### MATERIAL SHOWN
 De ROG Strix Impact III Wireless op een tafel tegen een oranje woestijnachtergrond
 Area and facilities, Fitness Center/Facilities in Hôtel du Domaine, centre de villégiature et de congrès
==
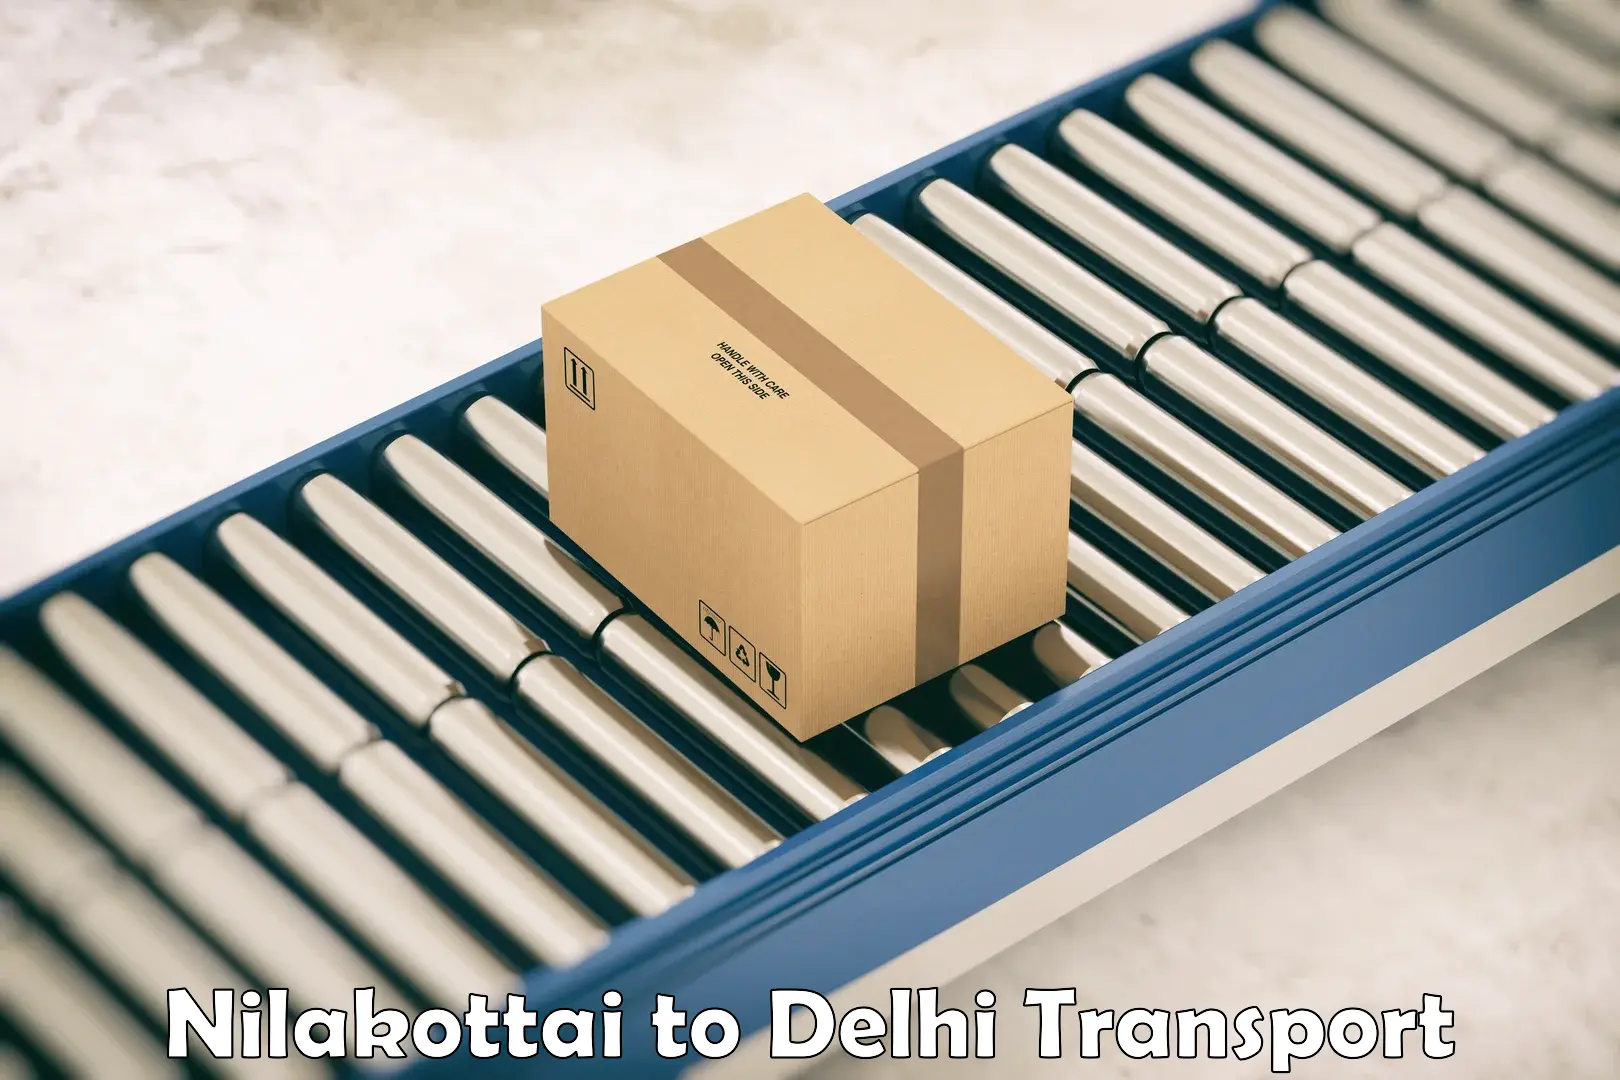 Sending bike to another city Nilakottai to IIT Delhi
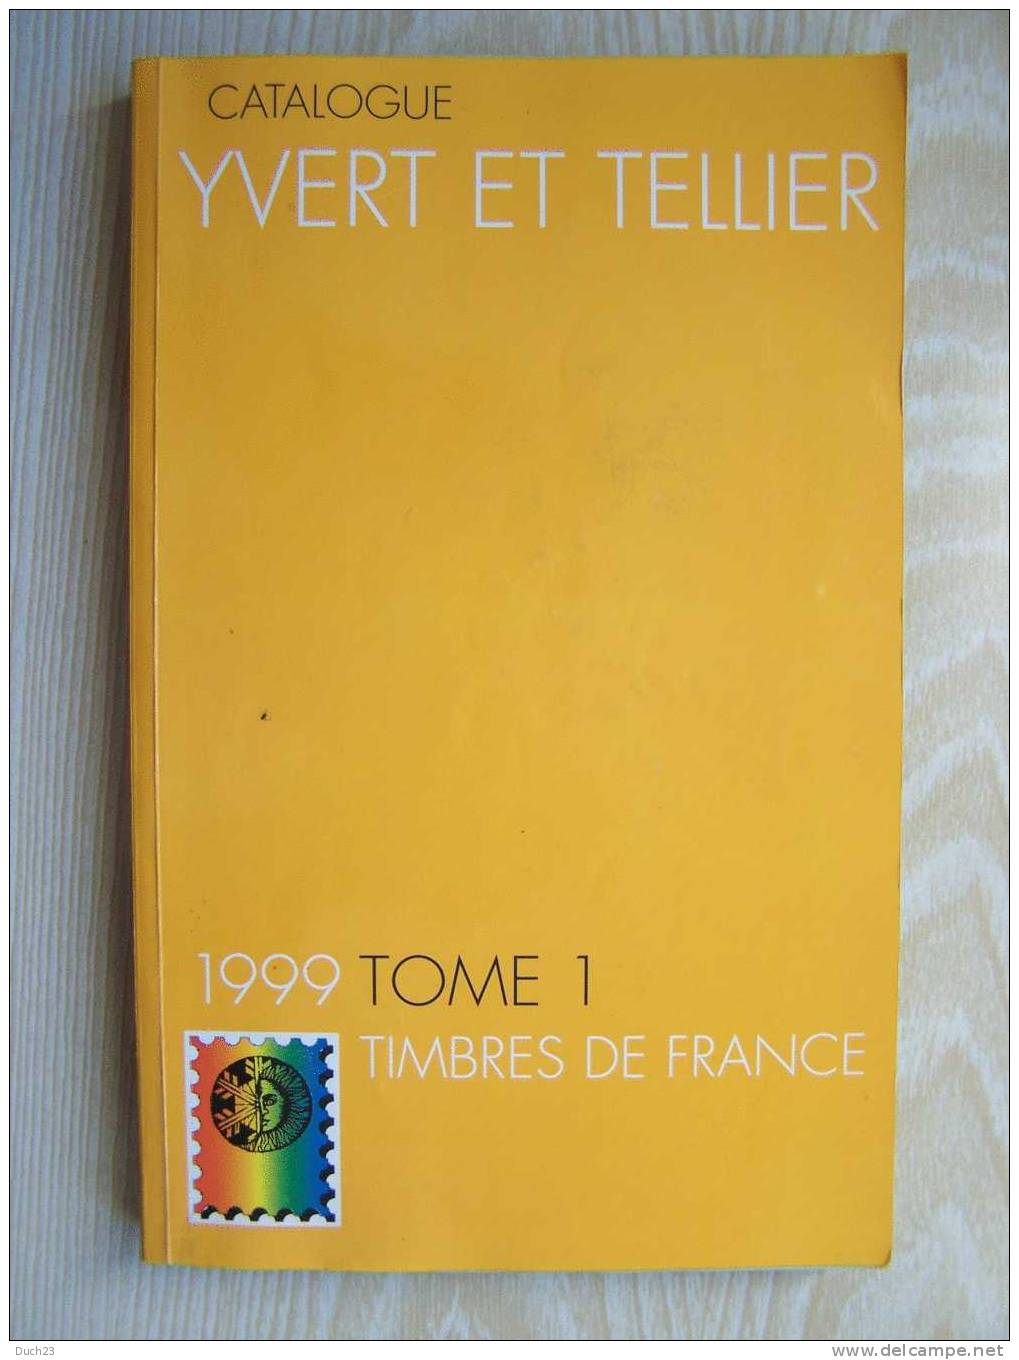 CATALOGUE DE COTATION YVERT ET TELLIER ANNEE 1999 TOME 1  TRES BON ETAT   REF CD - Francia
---
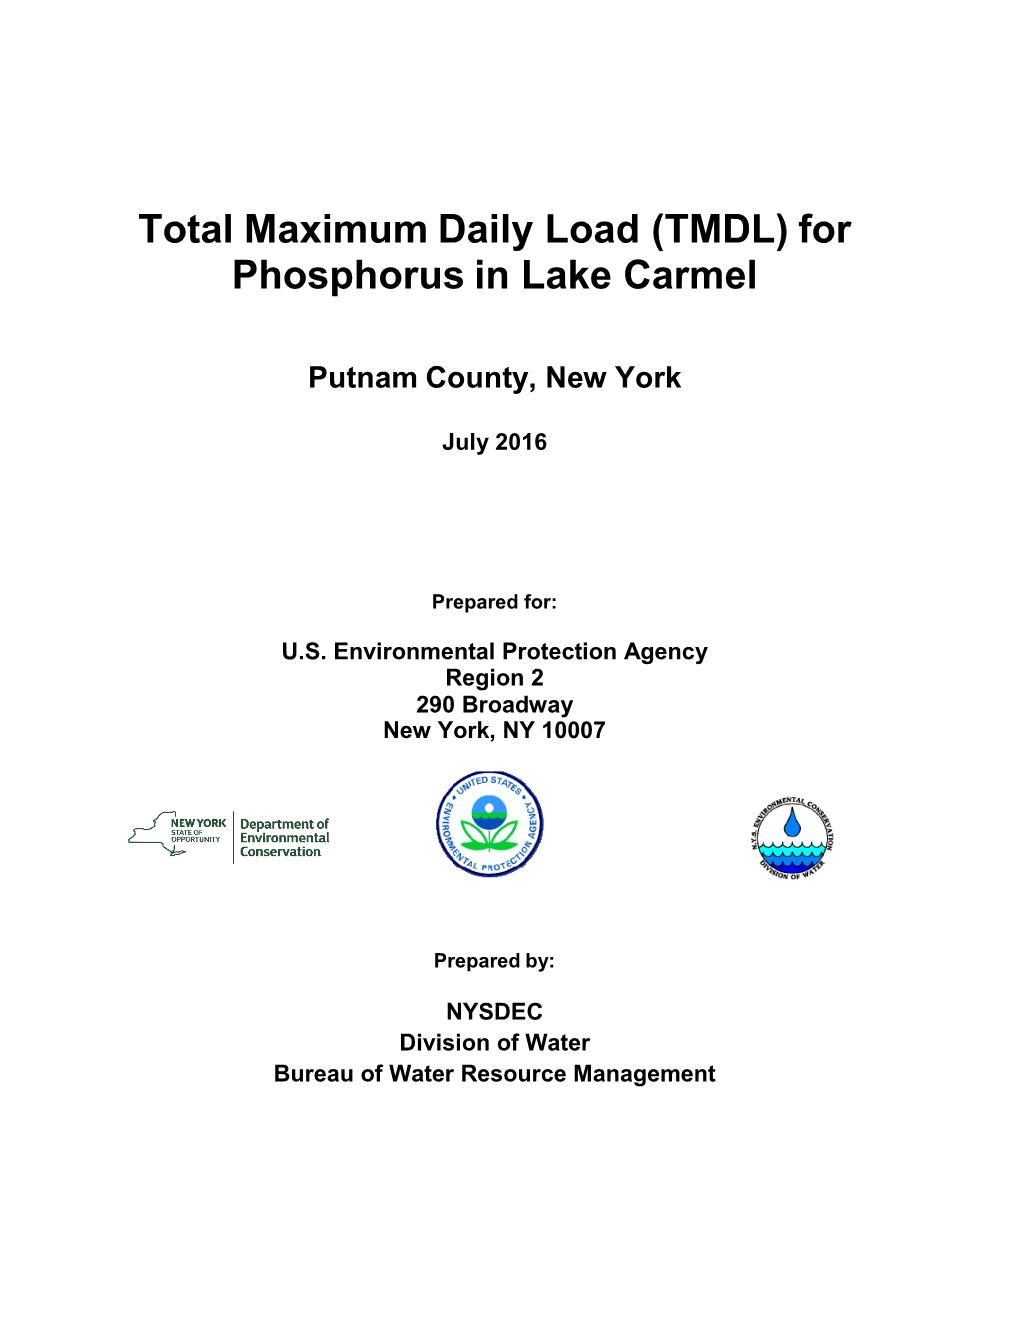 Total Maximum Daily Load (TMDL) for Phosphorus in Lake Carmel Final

### TASK BRIEF
Every line above from the line with "De ROG Strix" to the line with "Area and facilities, Fitness" is wanted, ends included; write them out exactly and add no other line.

### EXPECTED ANSWER
 De ROG Strix Impact III Wireless op een tafel tegen een oranje woestijnachtergrond
 Area and facilities, Fitness Center/Facilities in Hôtel du Domaine, centre de villégiature et de congrès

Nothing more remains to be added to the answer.